Figure 76.16 TYPE=SSCP Data Set Created by PROC REG
Obs _TYPE_ _NAME_ Intercept RunTime Age Weight RunPulse MaxPulse RestPulse Oxygen
1 SSCP Intercept 31.00 328.17 1478.00 2400.78 5259.00 5387.00 1657.00 1468.65
2 SSCP RunTime 328.17 3531.80 15687.24 25464.71 55806.29 57113.72 17684.05 15356.14
3 SSCP Age 1478.00 15687.24 71282.00 114158.90 250194.00 256218.00 78806.00 69767.75
4 SSCP Weight 2400.78 25464.71 114158.90 188008.20 407745.67 417764.62 128409.28 113522.26
5 SSCP RunPulse 5259.00 55806.29 250194.00 407745.67 895317.00 916499.00 281928.00 248497.31
6 SSCP MaxPulse 5387.00 57113.72 256218.00 417764.62 916499.00 938641.00 288583.00 254866.75
7 SSCP RestPulse 1657.00 17684.05 78806.00 128409.28 281928.00 288583.00 90311.00 78015.41
8 SSCP Oxygen 1468.65 15356.14 69767.75 113522.26 248497.31 254866.75 78015.41 70429.86
9 N   31.00 31.00 31.00 31.00 31.00 31.00 31.00 31.00

Figure 76.17 also shows the PROC REG results for the reduced model. (For the PROC REG results for the full model, see Figure 76.29.)

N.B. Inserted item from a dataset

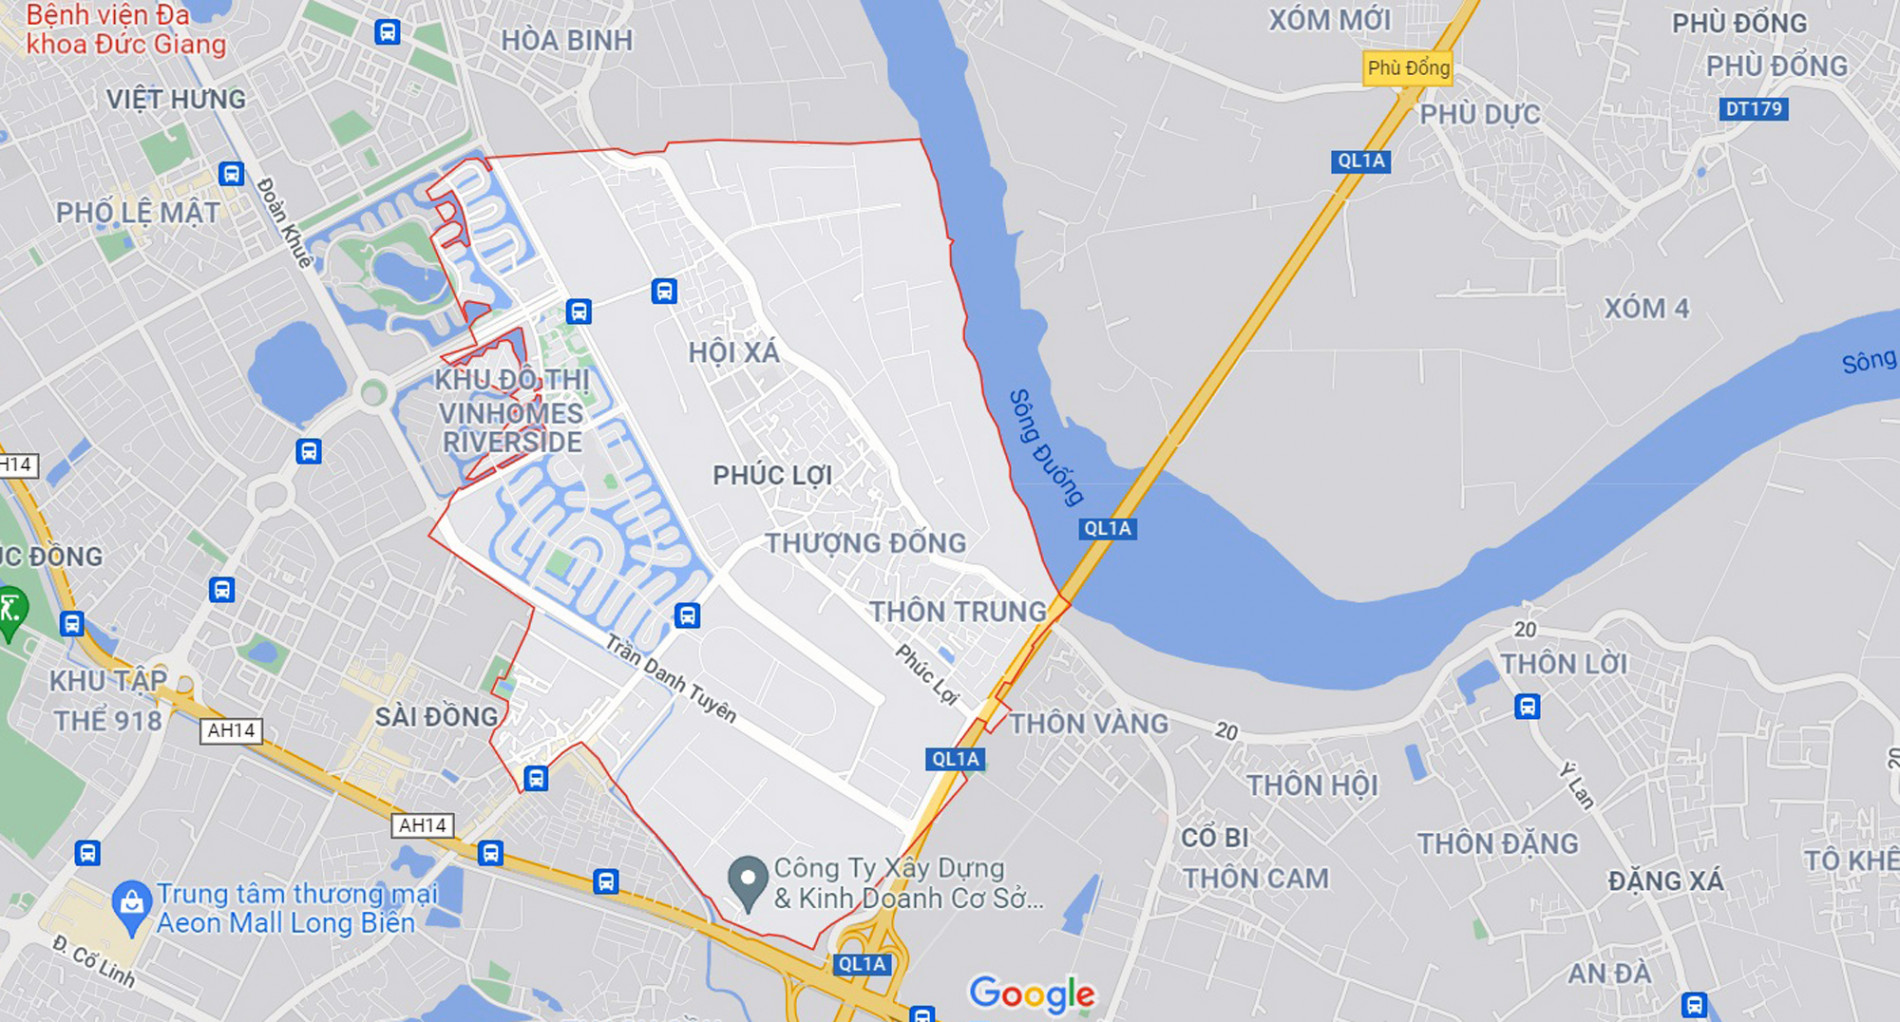 Những khu đất sắp thu hồi để mở đường ở phường Phúc Lợi, Long Biên, Hà Nội (phần 6) - Ảnh 1.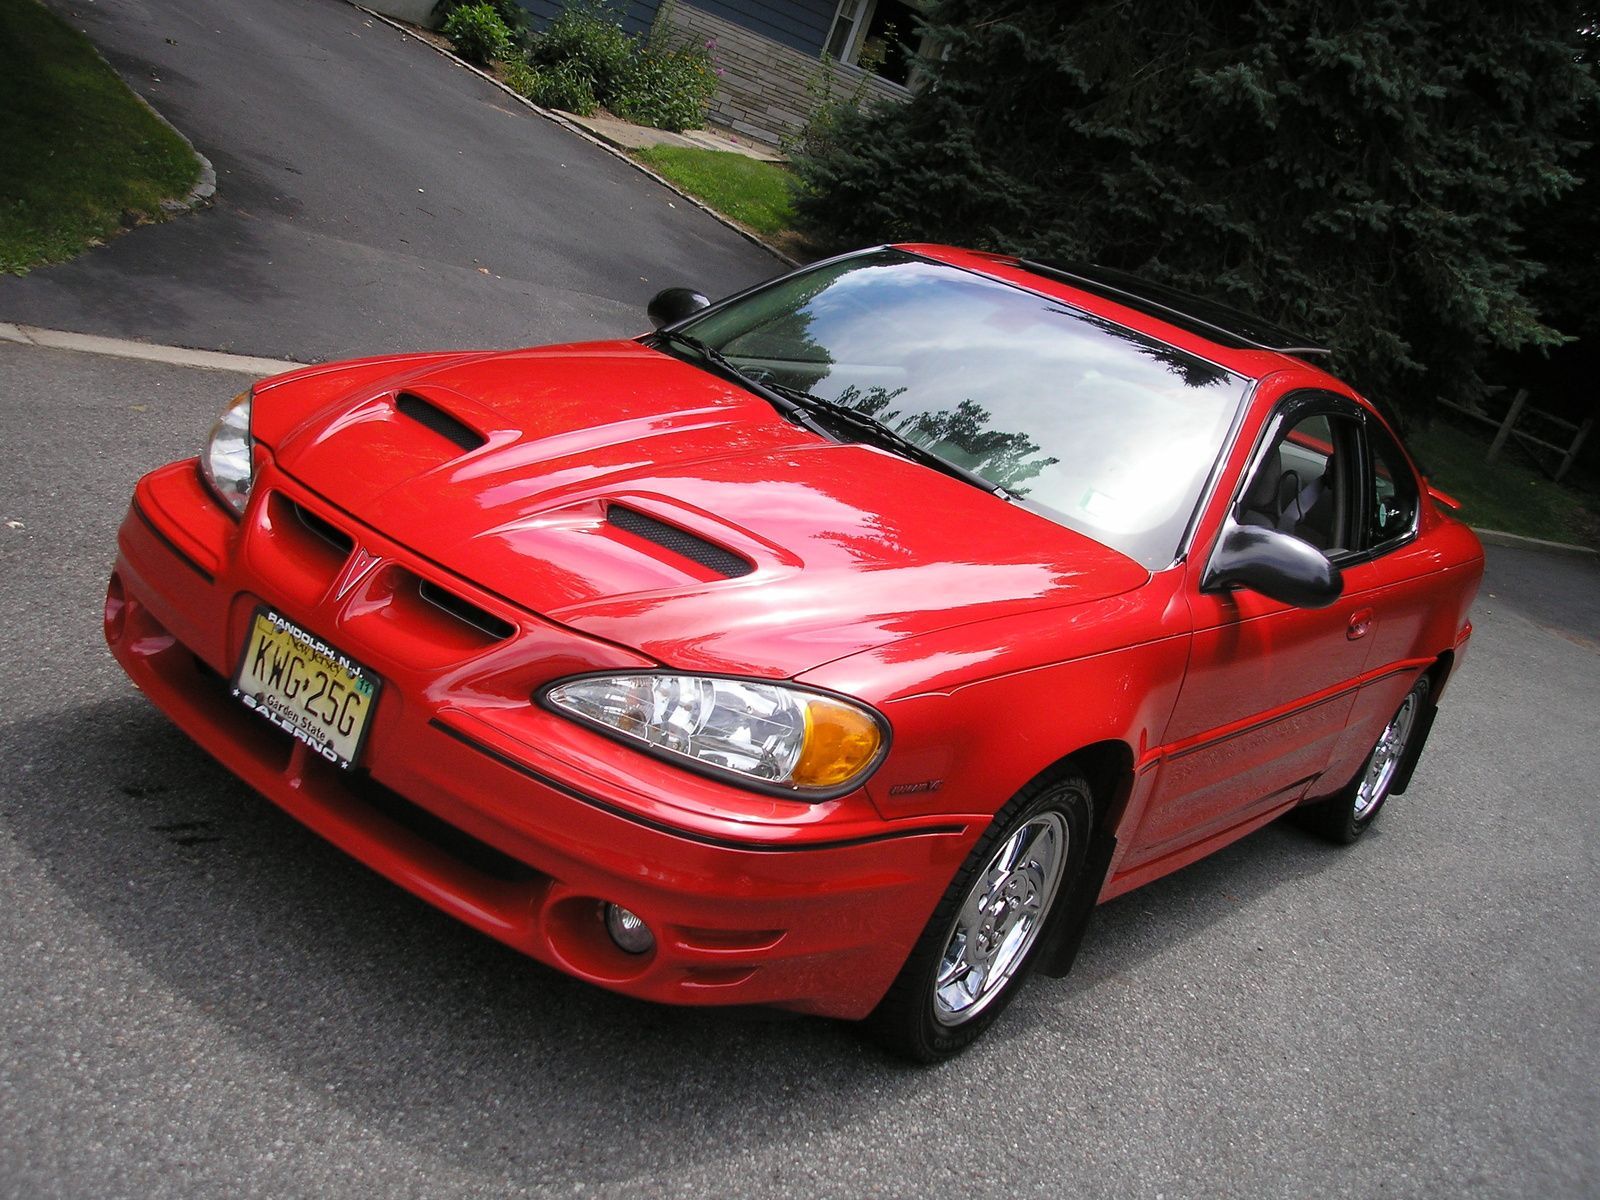 Red Pontiac Grand AM SC/T

Figure 76.17 Regression on TYPE=SSCP Data Set
The REG Procedure
Model: MODEL1
Dependent Variable: Oxygen

Analysis of Variance
Source DF Sum of
Squares
Mean
Square
F Value Pr > F
Model 3 656.27095 218.75698 30.27 <.0001
Error 27 195.11060 7.22632    
Corrected Total 30 851.38154      

Root MSE 2.68818 R-Square 0.7708
Dependent Mean 47.37581 Adj R-Sq 0.7454
Coeff Var 5.67416    

Parameter Estimates
Variable DF Parameter
Estimate
Standard
Error
t Value Pr > |t|
Intercept 1 93.12615 7.55916 12.32 <.0001
RunTime 1 -3.14039 0.36738 -8.55 <.0001
Age 1 -0.17388 0.09955 -1.75 0.0921
Weight 1 -0.05444 0.06181 -0.88 0.3862

In the preceding example, the TYPE= data set option is not required since PROC REG sets the OUTSSCP= data set to TYPE=SSCP.